Надо было убрать все мелкое, подвести Узбека к главной мысли, к неизбежности строгого и нелицеприятного выбора: или он, Калита, – и тогда Узбек должен во всем и навсегда ему поверить, или тверской князь Александр, – и тогда… (Тайная грамота за пазухою жгла как огонь. Тогда он и явит ее!) Конечно, Узбек упрям, подозрителен, наскучил его просьбами. Ростов, Галич, Дмитров… Теперь вот Белоозеро и уплывший из его рук Ярославль. И более легковерный хан мог ся обеспокоить сими захватами! И Калита намеренно подталкивал Узбека к той, второй, неизбежной мысли: заменить Москву Тверью, его власть, власть Ивана Калиты, – властью Александра Тверского. Иного пути нет! Вот что должен понять, накрепко понять Узбек! Нельзя и неможно существовать им долее вместе, не может быть двух великих княжений на Руси! И Узбек, кажется, понял. Поддался наконец. Мрачно улыбаясь, не зная еще, свершит ли сказанное или нет, Узбек обронил жестокие слова:

– Чую, князь, что тяжко тебе на столе владимирском! Все говорят мне, что Александр будет сговорчивее тебя!

Толмач и тот испуганно повел глазом. Но удар Узбека, казалось, пришел впустую. Иван лишь пожал плечами и слегка вздохнул, словно путник на ночлеге, с облегчением слагающий с себя дорожную ношу.

– Что ж, кесарь! Твоя воля, твой ум. Подаришь Русь Гедимину – слова не скажу. Дари. – И в удивленные, недоуменные, закипающие гневом глаза Узбека изрек: – Грамоту я достал наконец! И слухачи подтвердят: подлинная. А далее – слова не скажу, чти сам!
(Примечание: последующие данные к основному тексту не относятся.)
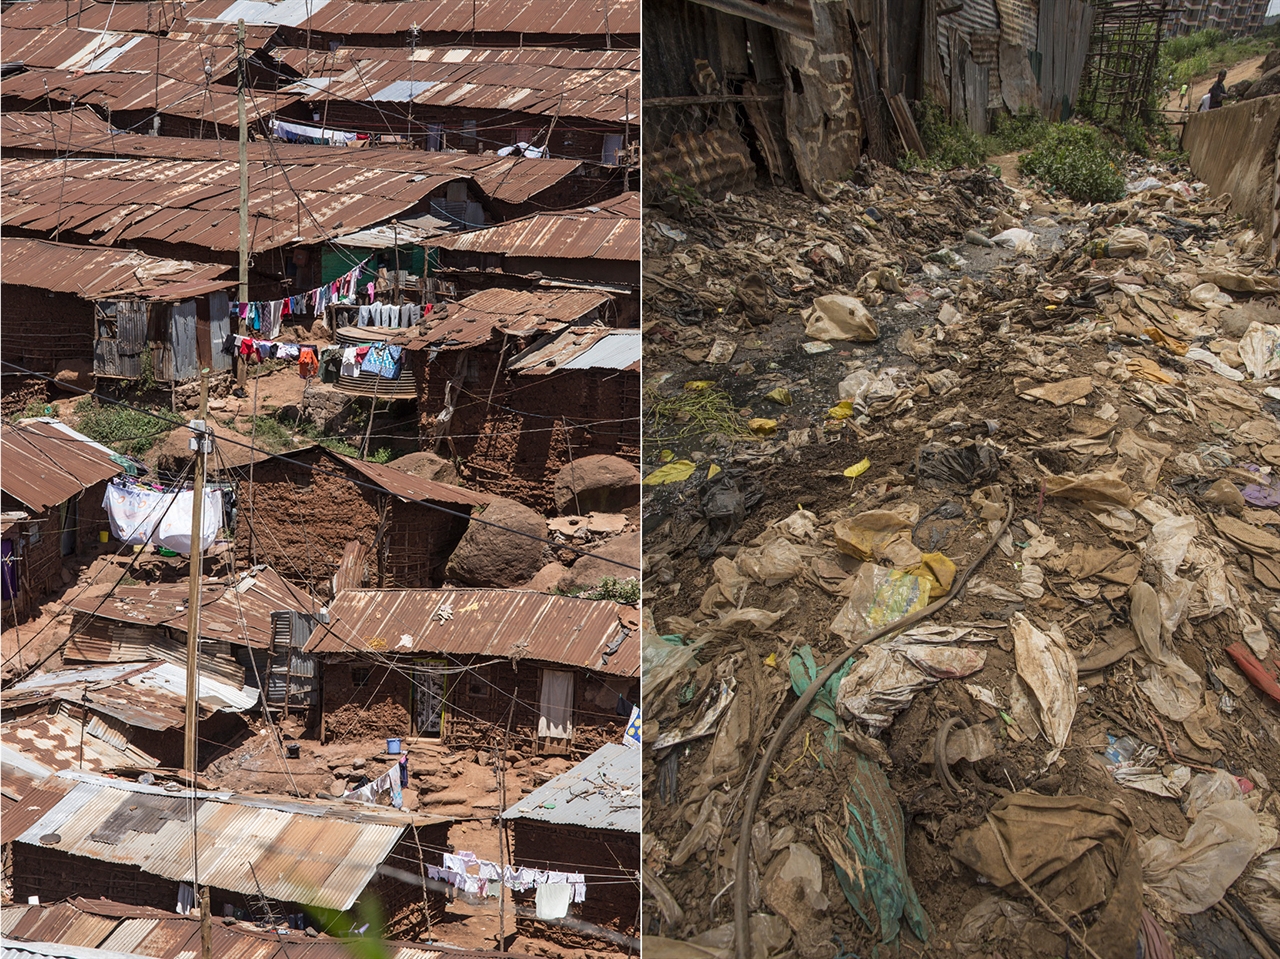  (왼쪽) 키베라 지구에는 양철로 지붕을 인 움막집들이 빽빽하게 들어서 있다. 이런 탓에 인구 집계가 쉽지 않다. (오른쪽) 키베라 지구 안의 모습. 하수구와 쓰레기로 온통 악취가 진동한다. 
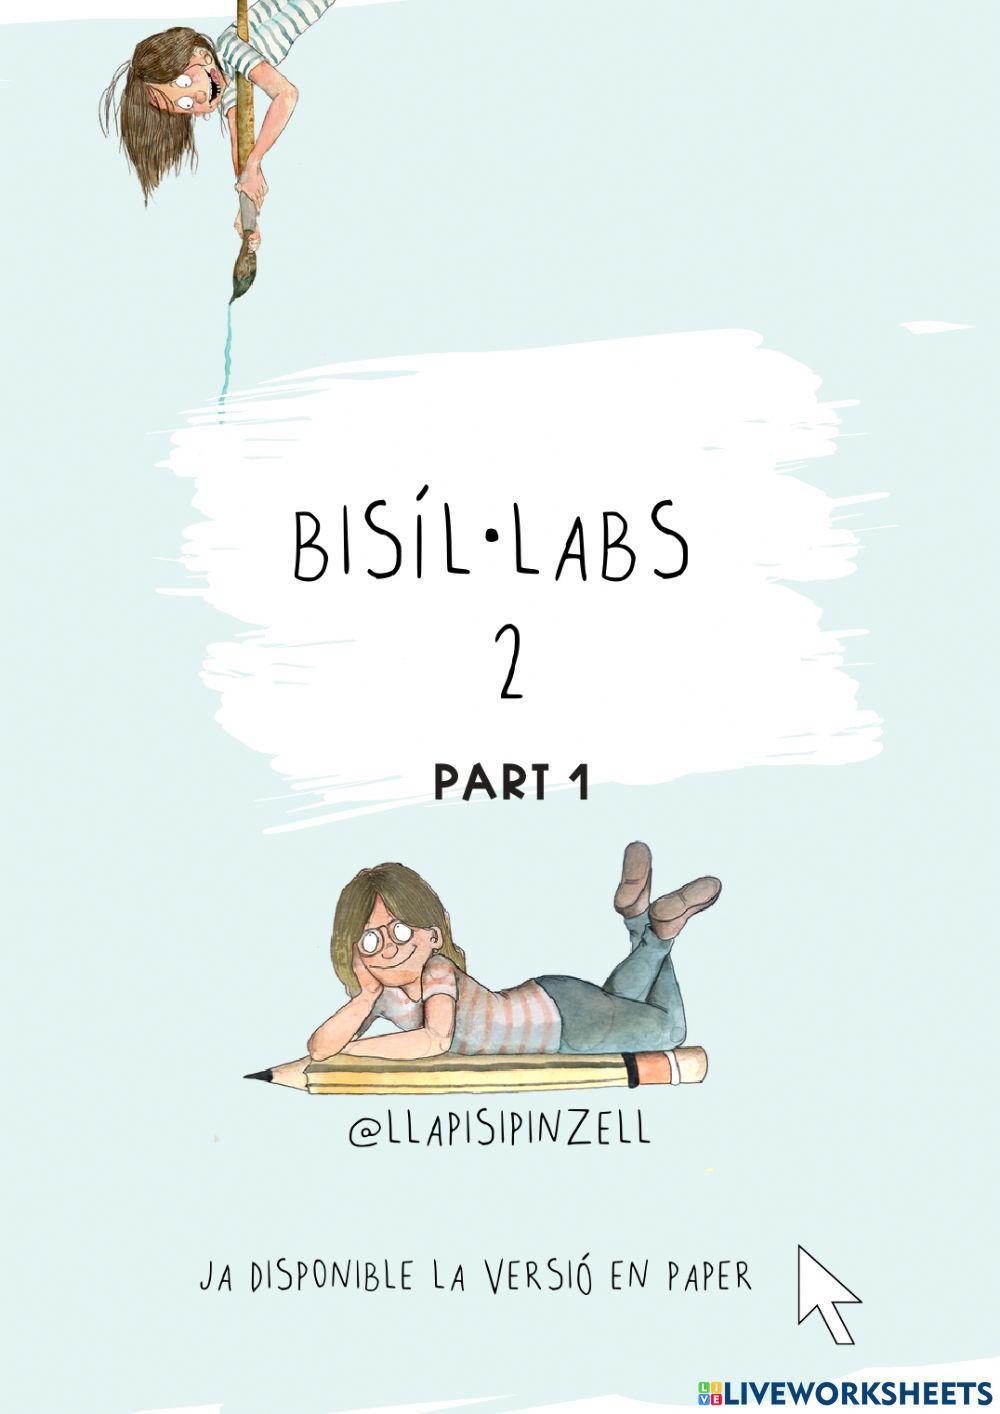 Bisíl·labs 2 primera part

Иван, слегка даже прикусив губу, – не дай Бог расхмылить в сей миг! – медленно достает береженый свиток, затверженный им наизусть, передает Узбеку. Строго молвит:

– Чти!

И далее – дело толмача, дело перевода грамоты (перевод готов, написан тут же, рядом с русским текстом, и в нем выделены, отчеркнуты поносные, – ах, как неосторожен был князь Александр! – охульные на его, Узбека, власть, лишние во всякой грамоте государской словеса: о «злокозненных» и «злонеистовых» татарах, и о самом Узбеке – поносно). И знал, не спросит, даже не подумает Узбек в сей час его, Иванова, торжества: когда писана грамота сия, с чем и кем сочинялась… Да, так и есть, проняло! Вот тебе твой светлый батыр, твой подручник, уже заране продавший тебя великому князю литовскому! Чти! Чти! Чти!

Узбек читал, и в нем подымалась волна бешенства. Иван недаром подчеркивал охульные слова. Не столько само предательство, сколько глумливый слог грамоты подхлестывал ярость Узбека. После того, как он поверил – почти поверил! – бесхитростному прямодушию тверича! Обман! Всюду обман! Опять обман! И этот князь, коего он почел витязем Рустамом, и этот его предает и глумится над ним! О, он покажет! Он ныне… Узбек готов был рычать, грызть кого-то зубами и в ярости кататься по коврам. Он обратил наконец блистающий взор в непривычно жесткое лицо Ивана.